Here the MUC service marks up the original messages with an explicit link reference. Possibly, the protocol might be extended so that a service can include shortened versions of the URL for display purposes.

ralphm

Have you seen https://ralphm.net/blog/2013/10/10/logitech_t630?

Logitech Ultrathin Touch Mouse

Logitech input devices are my favorite. This tiny bluetooth mouse is a nice portable device for every day use or while traveling.
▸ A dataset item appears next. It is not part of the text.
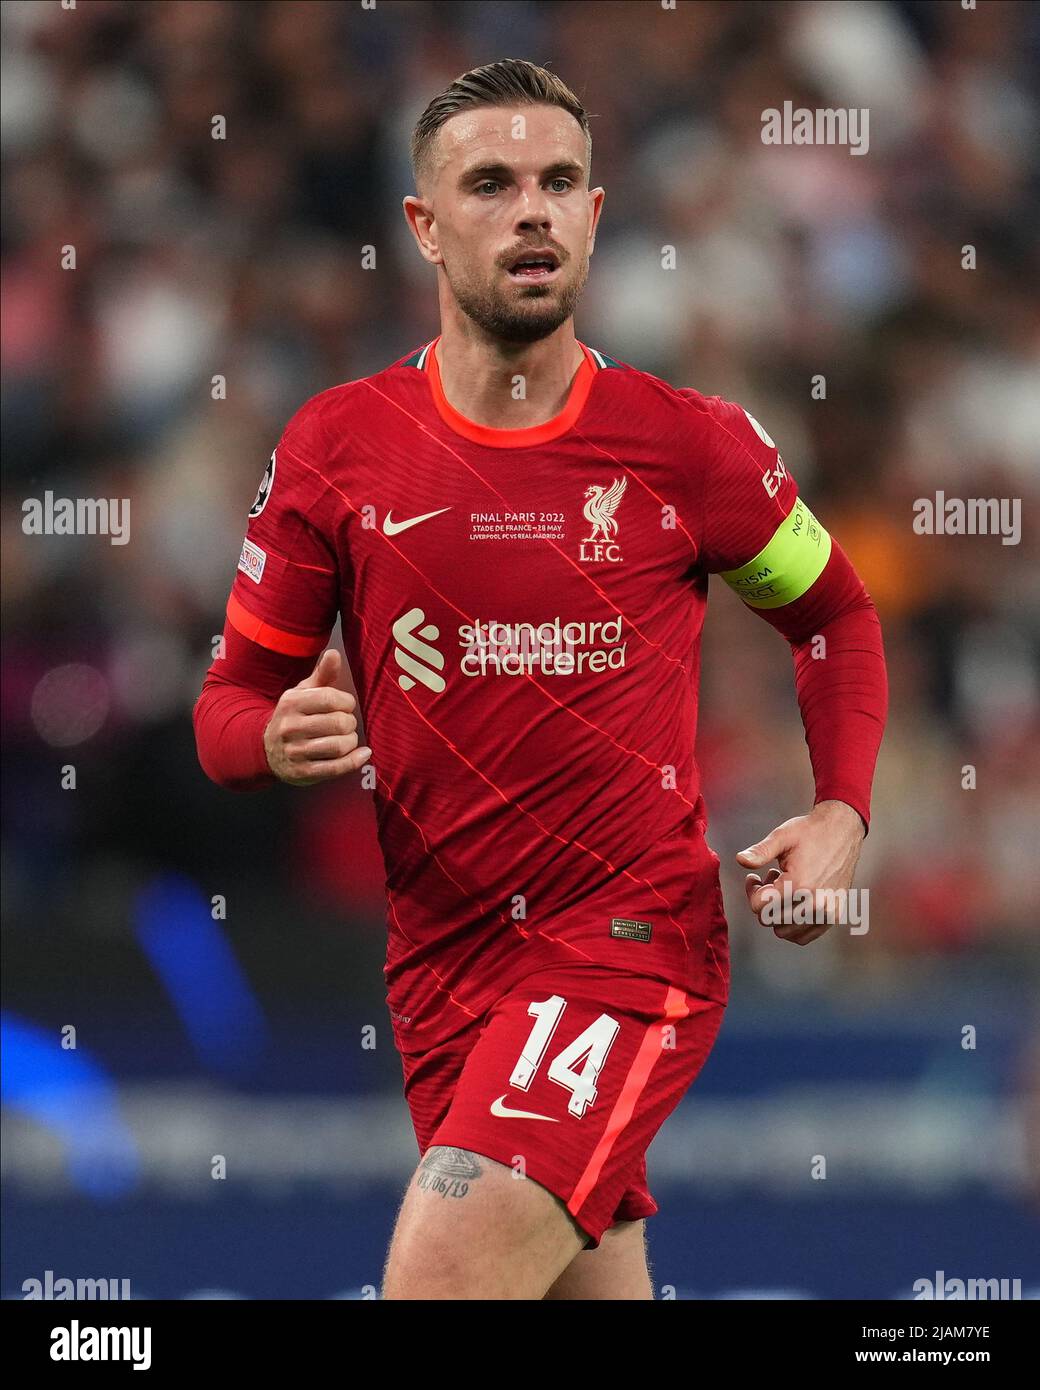 Jordan Henderson of Liverpool FC during the UEFA Champions League Final match between Liverpool FC and Real Madrid played at Stade de France on May 28, 2022 in Paris, France. (Photo by Magma) Stock Photo
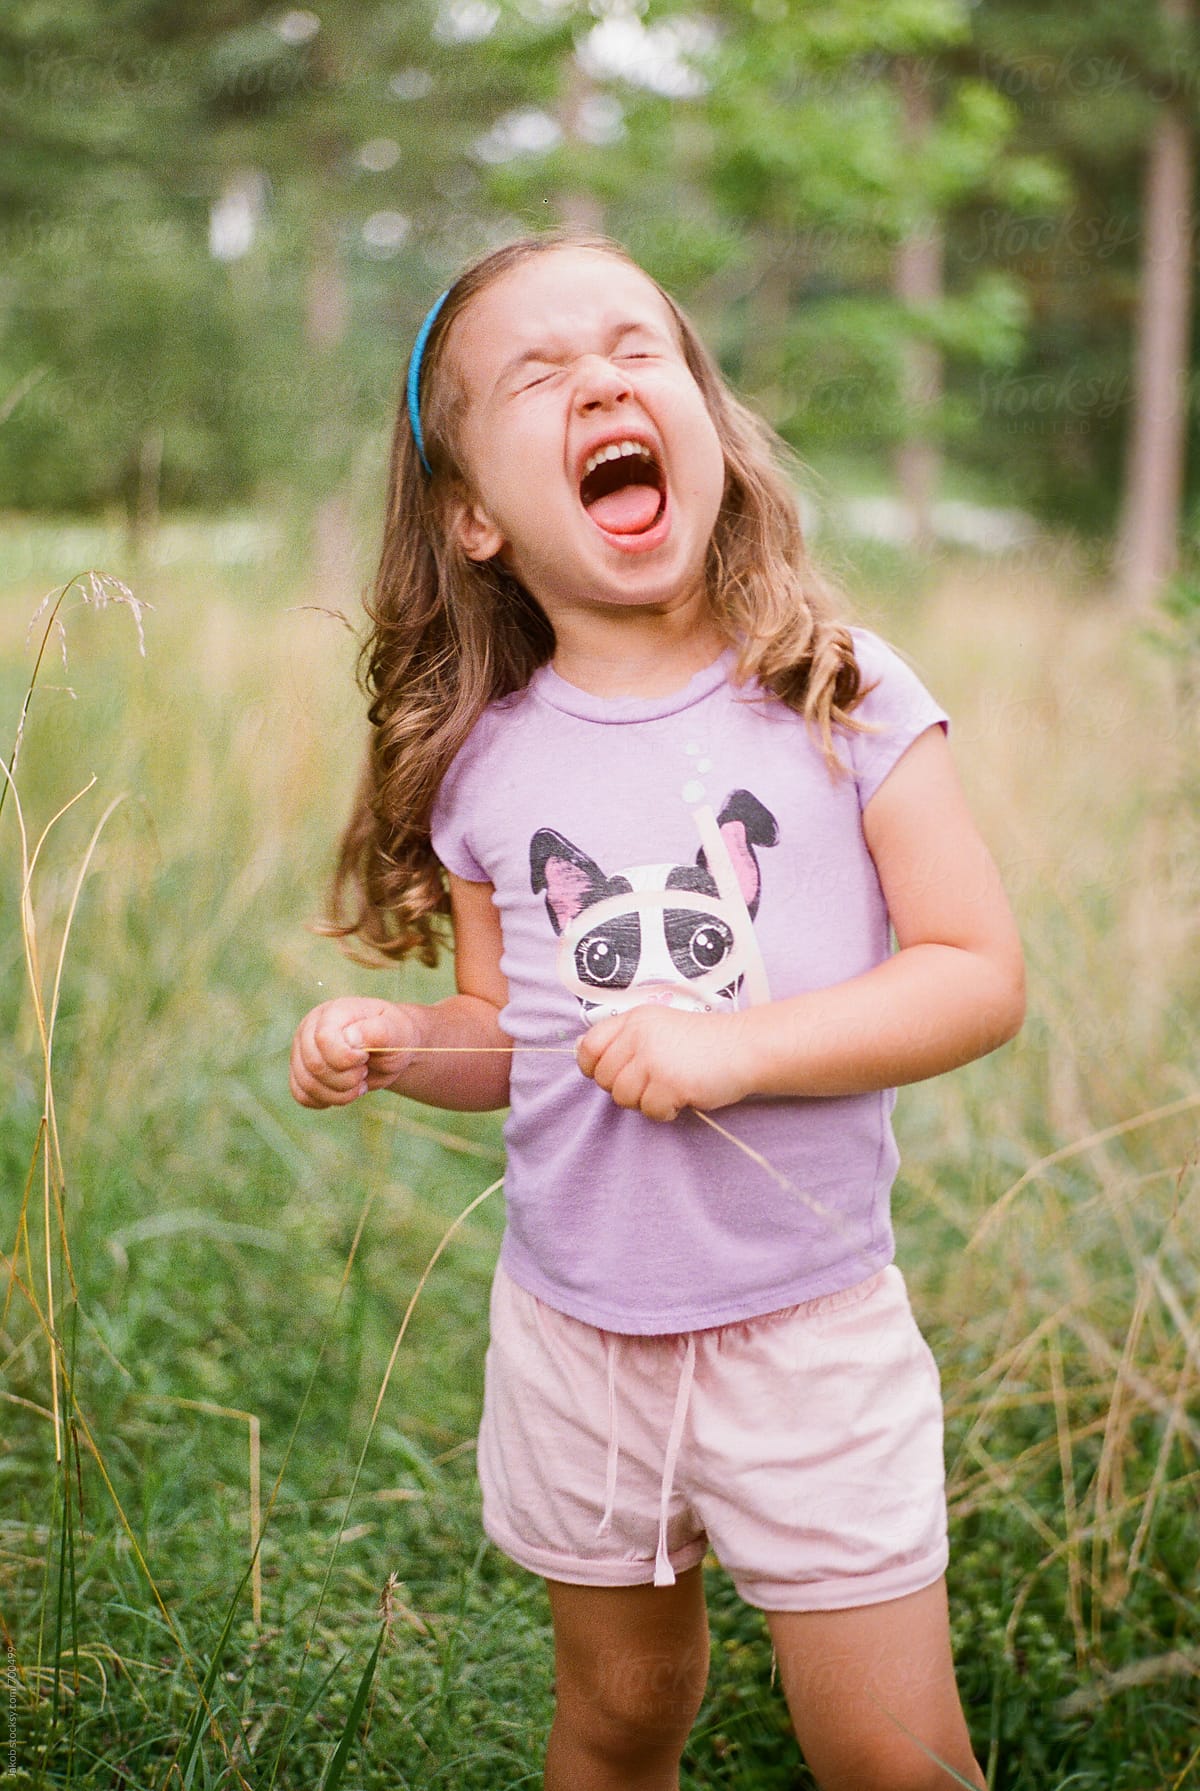 Cute Young Girl Making A Funny Face In A Field By Jakob Lagerstedt

The client has used the markup to fetch meta data on the URL and presents a summary card below the original message. Alternatively, the MUC service could have done this using XEP-0385: Stateless Inline Media Sharing (SIMS):

<message from="room@muc.this.example"
         type="groupchat">
  <stanza-id xmlns="urn:xmpp:sid:0"
             id="2019-09-02-8" by="room@muc.this.example"/>
  <apply-to xmlns="urn:xmpp:fasten:0"
            id="2019-09-02-7">
    <reference begin="14" end="61" xmlns="urn:example:reference:0">
      <link url="https://ralphm.net/blog/2013/10/10/logitech_t630"/>
      <card xmlns="urn:example:card:0">
        <title>Logitech Ultrathin Touch Mouse</ulink></title>
        <description>Logitech input devices are my favorite. This tiny bluetooth mouse is a nice portable device for every day use or while traveling.</description>
      </card>
      <media-sharing xmlns='urn:xmpp:sims:1'>
        <file xmlns='urn:xmpp:jingle:apps:file-transfer:5'>
          <media-type>image/jpeg</media-type>
          <name>ultrathin-touch-mouse-t630.jpg</name>
          <size>23458</size>
          <hash xmlns='urn:xmpp:hashes:2' algo='sha3-256'>5TOeoNI9z6rN5f+cQagnCgxitQE0VUgzCMeQ9JqbhWJT/FzPpDTTFCbbo1jWwOsIoo9u0hQk6CPxH4t/dvTN0Q==</hash>
          <thumbnail xmlns='urn:xmpp:thumbs:1'uri='cid:sha1+21ed723481c24efed81f256c8ed11854a8d47eff@bob.xmpp.org' media-type='image/jpeg' width='116' height='128'/>
        </file>
        <sources>
          <reference xmlns='urn:xmpp:reference:0' type='data' uri='https://test.ralphm.net/images/blog/ultrathin-touch-mouse-t630.jpg' />
        </sources>
      </media-sharing>
    </reference>
  </apply-to>
</message>

Editing a previous message

<message from="room@muc.this.example/ralphm" type="groupchat">
  <stanza-id id="2019-09-02-9" by="room@muc.this.example"
             xmlns="urn:xmpp:sid:0"/>
  <body>Some thoughtful reply</body>
</message>
ralphm

Some thoughtful reply

After sending that message, I want to add a bit more information:

<message from="room@muc.this.example/ralphm" type="groupchat">
  <stanza-id id="2019-09-02-10" by="room@muc.this.example"
             xmlns="urn:xmpp:sid:0"/>
  <apply-to xmlns="urn:xmpp:fasten:0"
            id="2019-09-02-9">
    <external name='body'/>
    <replace xmlns='urn:example:message-correct:1'/>
  </apply-to>
  <body>Some more thoughtful reply</body>
</message>

Unlike XEP-0308: Last Message Correction, this example uses Fastening to refer to the original message. I would also lift the restriction on correcting just the last message, but allow any previous message to be edited.

ralphm

Some more thoughtful reply

Upon receiving the correction, the client indicates that the message has been edited. Hovering over the marker reveals when the message was changed.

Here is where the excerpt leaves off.